Average Final Price*: is the average of the daily closing price of a Share on the New York Stock Exchange or other public exchange that Shares may hereinafter be listed on for the 20 trading days preceding or, if the Grantee has a Termination of Service in accordance with paragraph 2(c) of this Agreement, for the 20 trading days preceding the date of termination (or the period of service, if less).
Dividends Paid: is equal to the cumulative dividends (including any stock dividends) paid on a Share and special distributions paid on a Share over the Performance Period beginning on the Effective Date and continuing through the Vesting Date or, if the Grantee has a Termination of Service in accordance with paragraph 2(c) of this Agreement, through the date of such termination. For these p urposes, dividends declared, but not yet paid, on a Share within the 45-day period preceding the Vesting Date or a Termination of Service, as applicable, will be counted as Dividends Paid.

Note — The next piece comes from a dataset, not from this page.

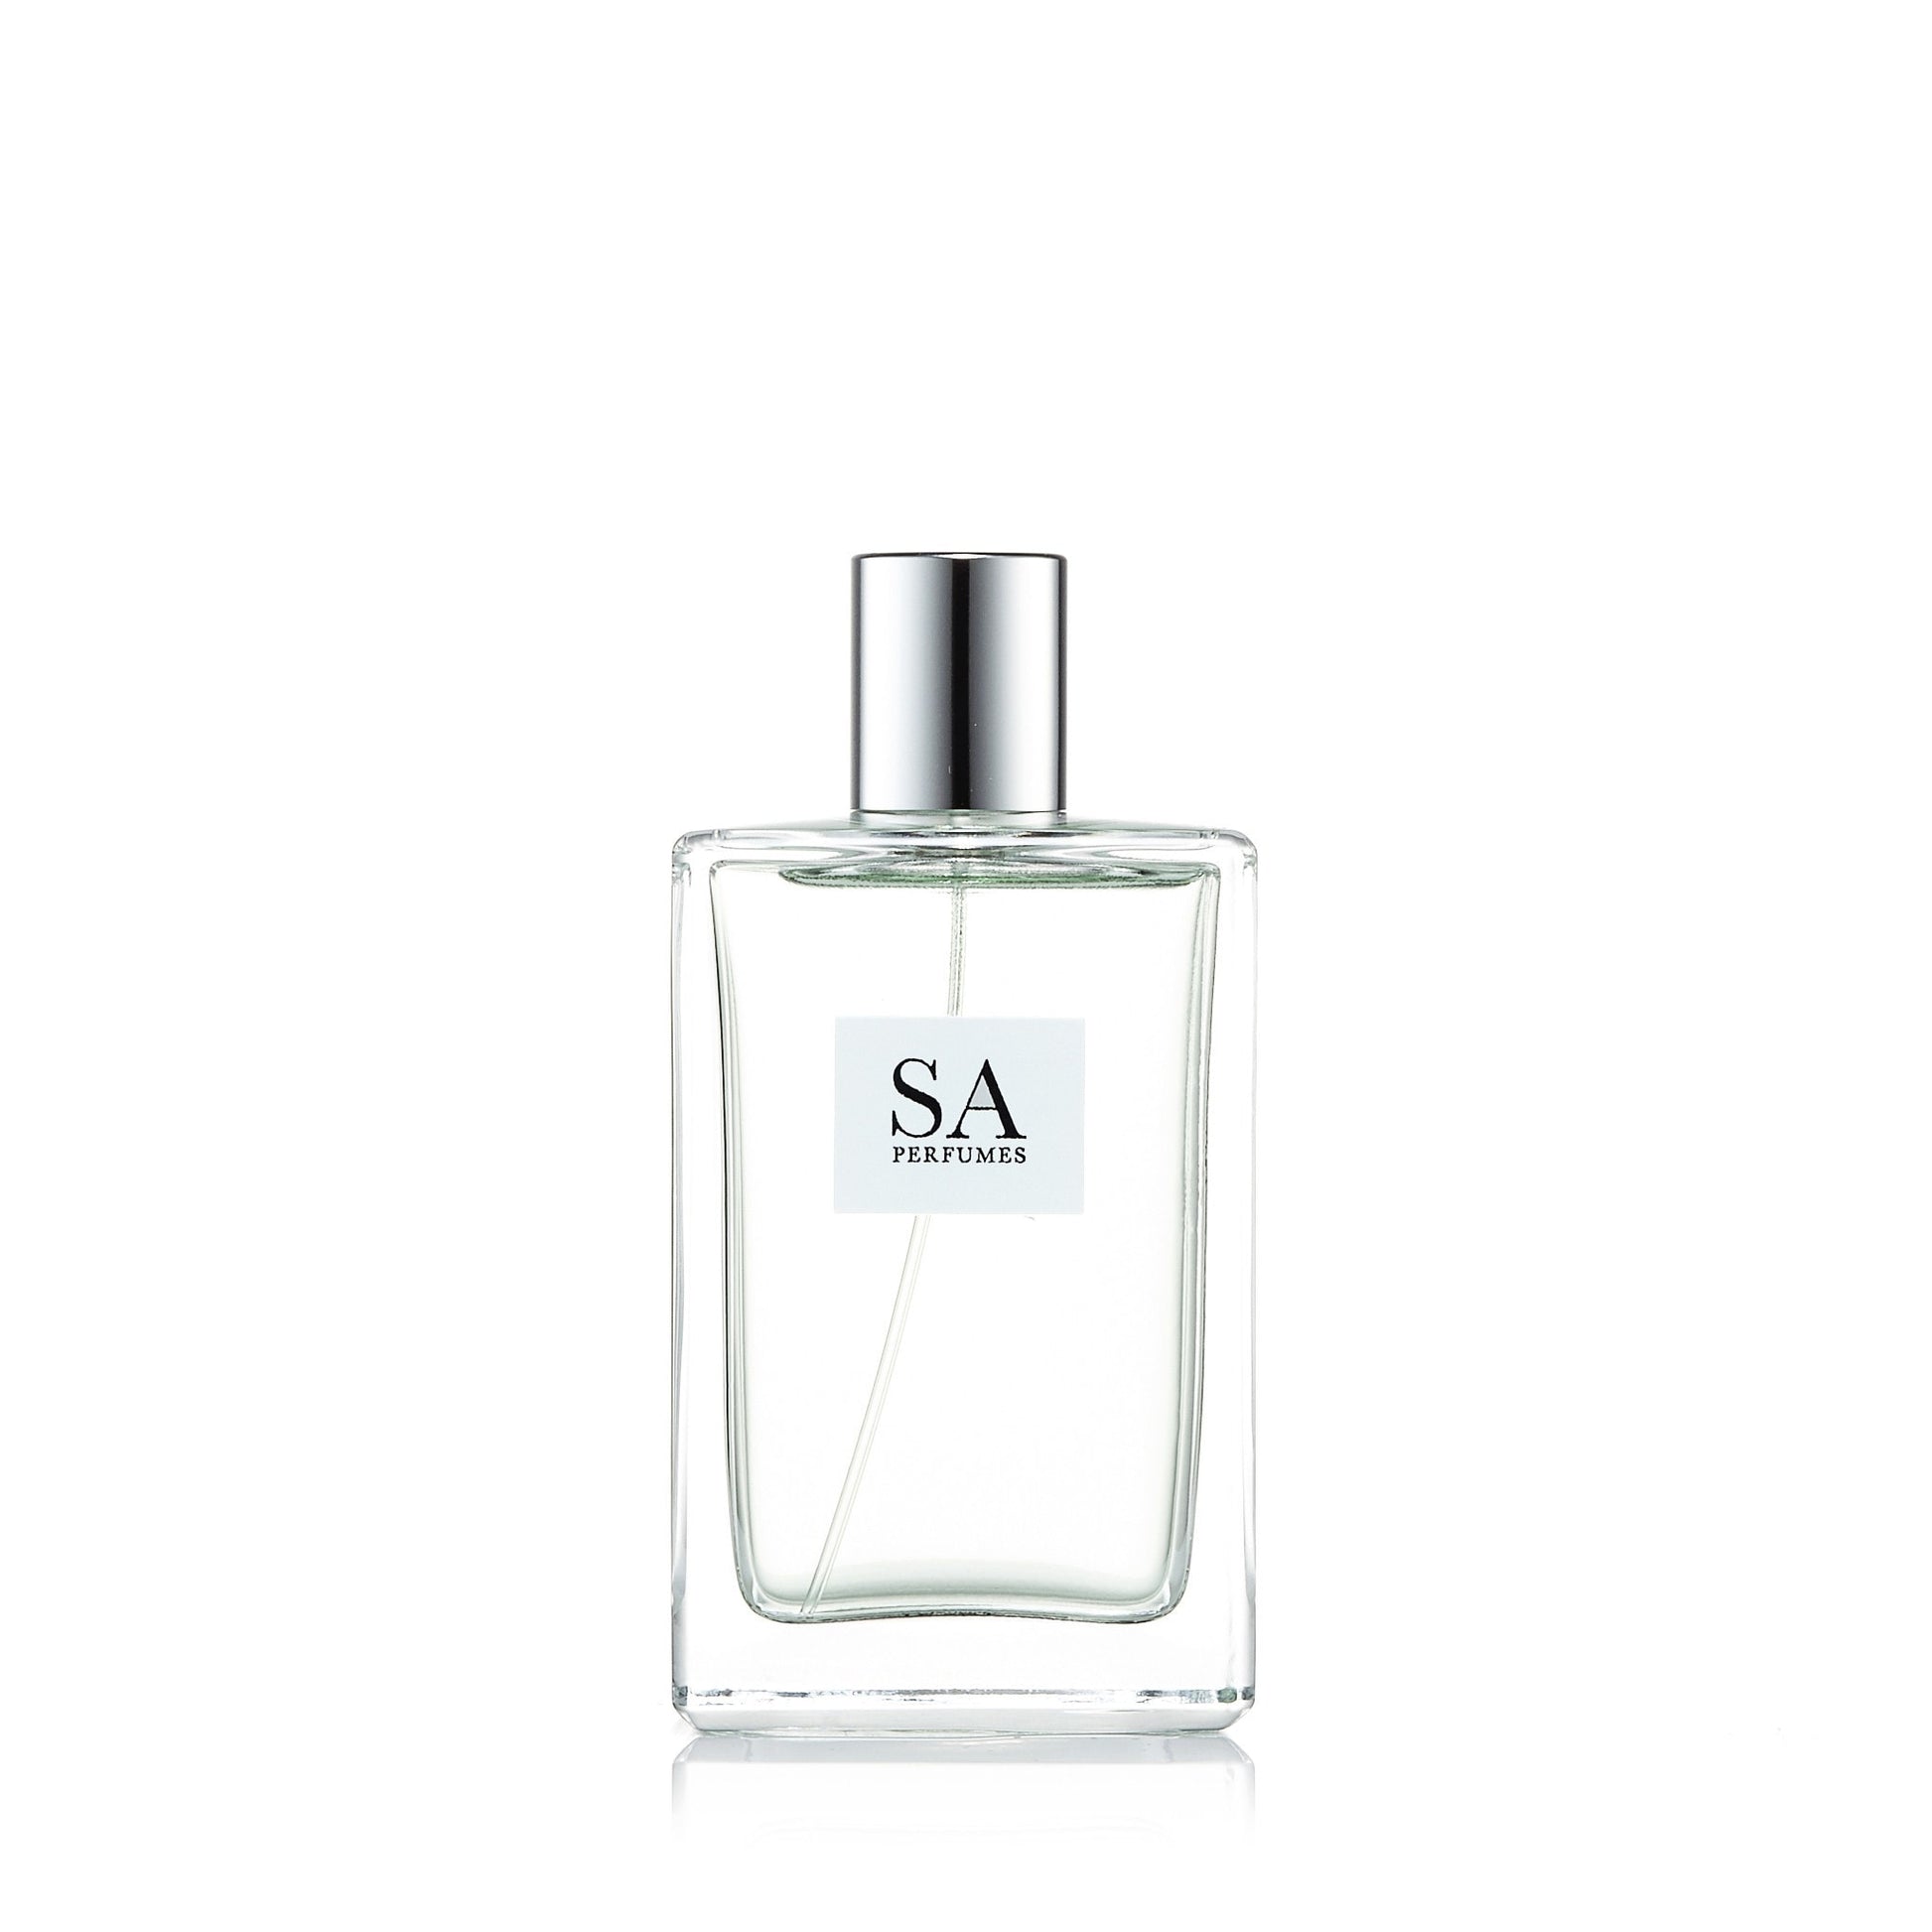 Sa Perfumes Eau de Parfum Spray for Men, Product image 1

To the extent that such performance goals/measures are not satisfied by the Vesting Date, then, except as set forth in paragraph 2(c) of this Agreement, as of such date, the Phantom Shares granted hereunder shall be automatically and without notice or payment of any consideration by the Company terminate and be forfeited by the Grantee.
* Calculation of the Average Initial Price and Average Final Price will be adjusted for any stock splits, reverse stock splits, stock combinations or other similar changes in the capital structure of the Company.